The White House tells private-sector companies to review their cybersecurity posture as a major risk to business operations and resilience.
The White House explicitly warned corporate executives, business leaders and CISOs that companies need to treat the digital risks of ransomware attacks with greater urgency.
The head of cyber and emerging technology at the National Security Council, Anne Neuberger, wrote an open letter to companies on June 3, 2021, tying cybersecurity risk management to business continuity and operational resilience following back-to-back ransomware attacks in the US, on Colonial Pipeline and other companies in mid-May, and on a global food processor at the end of the month.
“The private sector also has a critical responsibility to protect against these threats. All organizations must recognize that no company is safe from being targeted by ransomware, regardless of size or location,” Neuberger wrote. "We urge you to take ransomware crime seriously and ensure your corporate cyber defense match the threat."
The ransomware attack on Colonial Pipeline temporarily froze the gasoline supply in the Southeast and the company reportedly paid up to $5 million in ransom. IT systems that were hacked at JBS Foods forced shutdowns at nine meat plants in the US, and its operations in Australia were also affected.
"To understand your risk, business executives should immediately convene their leadership teams to discuss the ransomware threat and review corporate security posture and business continuity plans to ensure you have the ability to continue or quickly restore operations," the NSC’s Neuberger wrote in the memo.
The White House is encouraging all companies to carry out recommendations it recently addressed in an executive order focused on cybersecurity, including updating systems and segmenting networks to isolate the operational parts of the networks. The Biden administration also said this week it is reviewing practices including pressuring countries, such as Russia, to not harbor ransomware attacks and to analyze cryptocurrency use by criminals.
“The threats are serious and they are increasing. We urge you to take these critical steps to protect your organizations and the American public,” the NSC wrote in the memo to company leaders.

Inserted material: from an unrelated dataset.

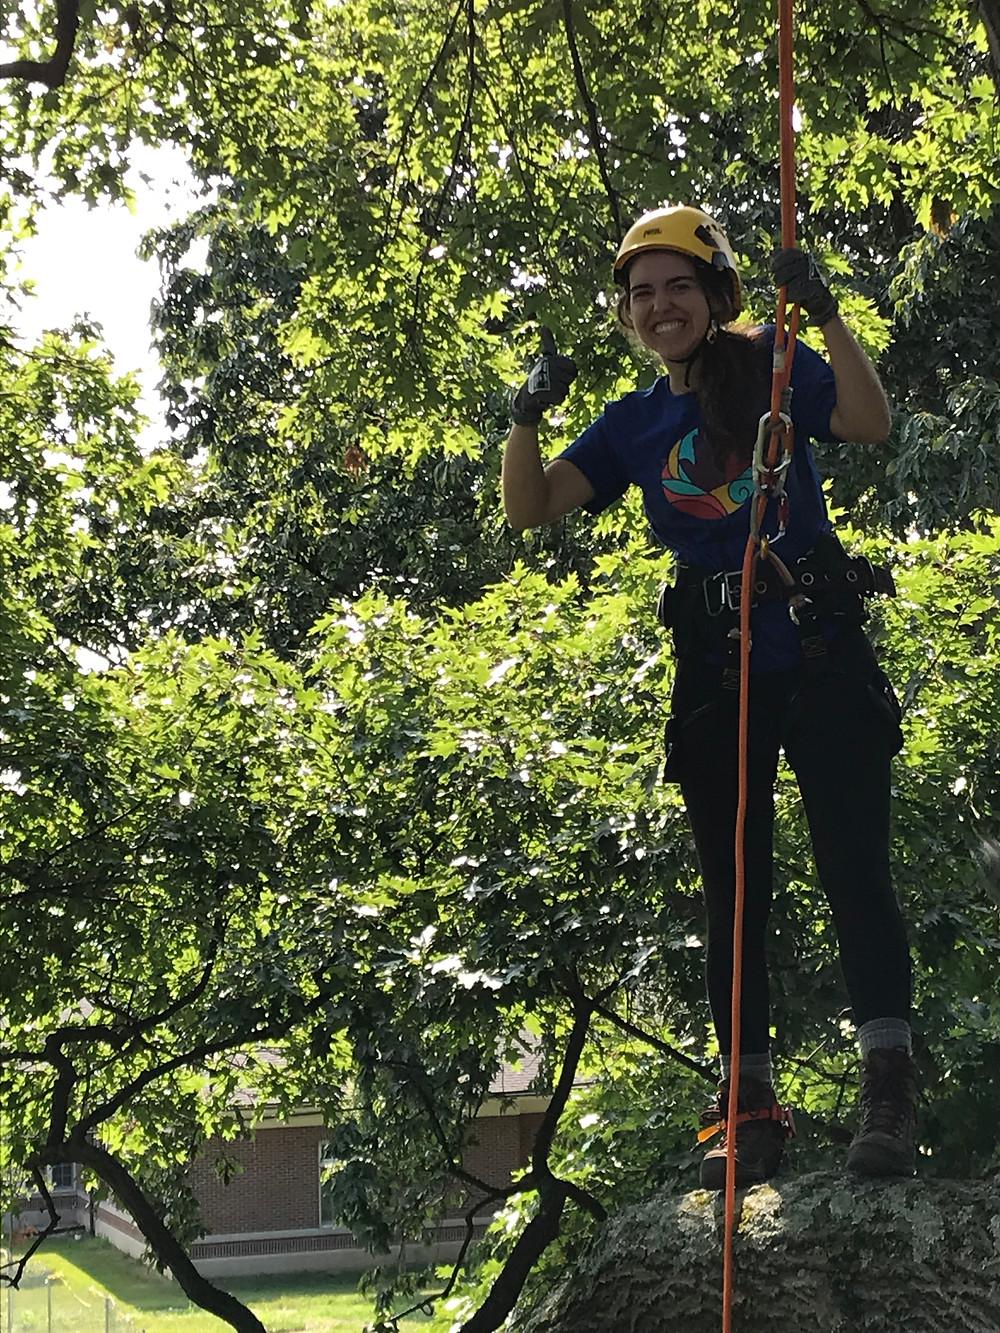 Jenny standing on tree limb in climbing gear
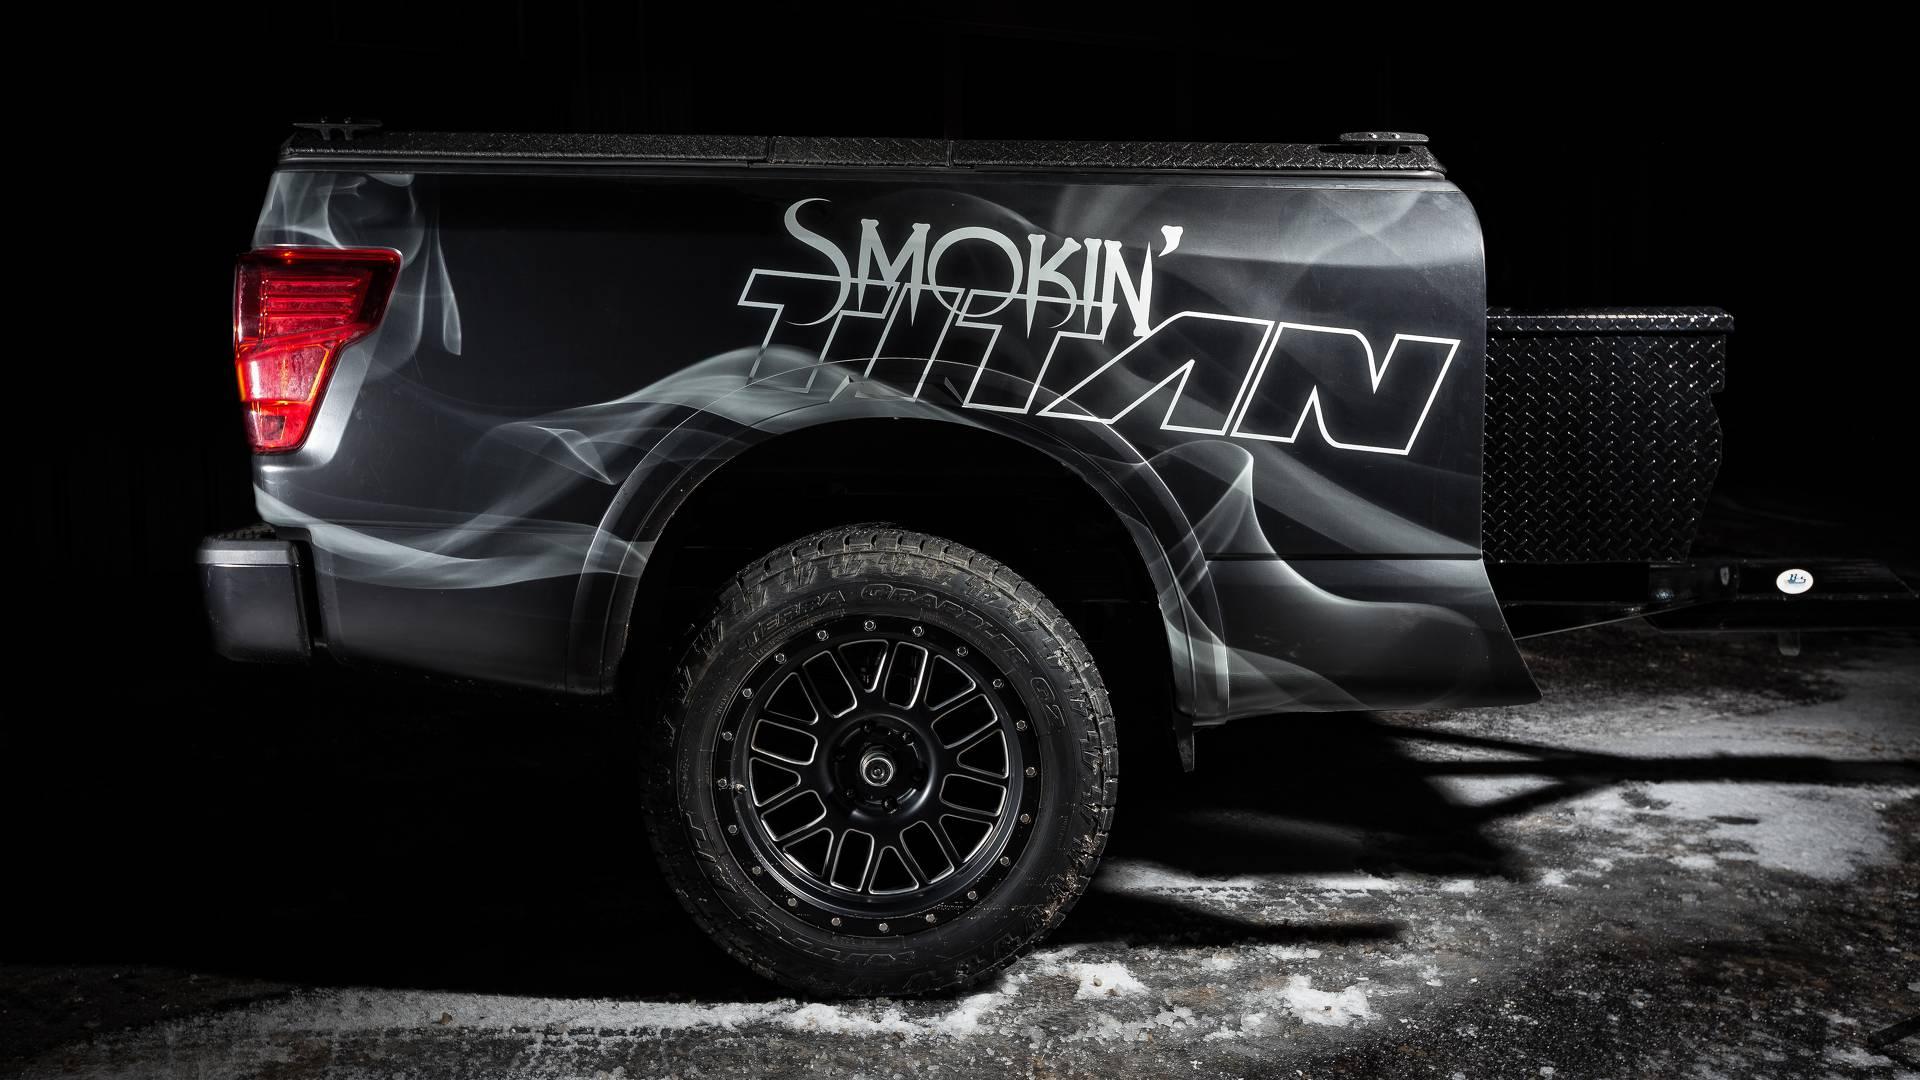 nissan-smokin-titan (4)

“The U.S. Government is working with countries around the world to hold ransomware actors and the countries who harbor them accountable, but we cannot fight the threat posed by ransomware alone. The private sector has a distinct and key responsibility. The federal government stands ready to help you implement these best practices.”
In April, a report defined ransomware attacks against critical infrastructure sectors as a serious threat to national security. In mid-May, President Biden issued an executive order on improving cybersecurity in partnership with the private sector. In May, NSC’s Neuberger addressed the administration’s global campaign to combat ransomware, modernize cyber defense and enhance IT and software security.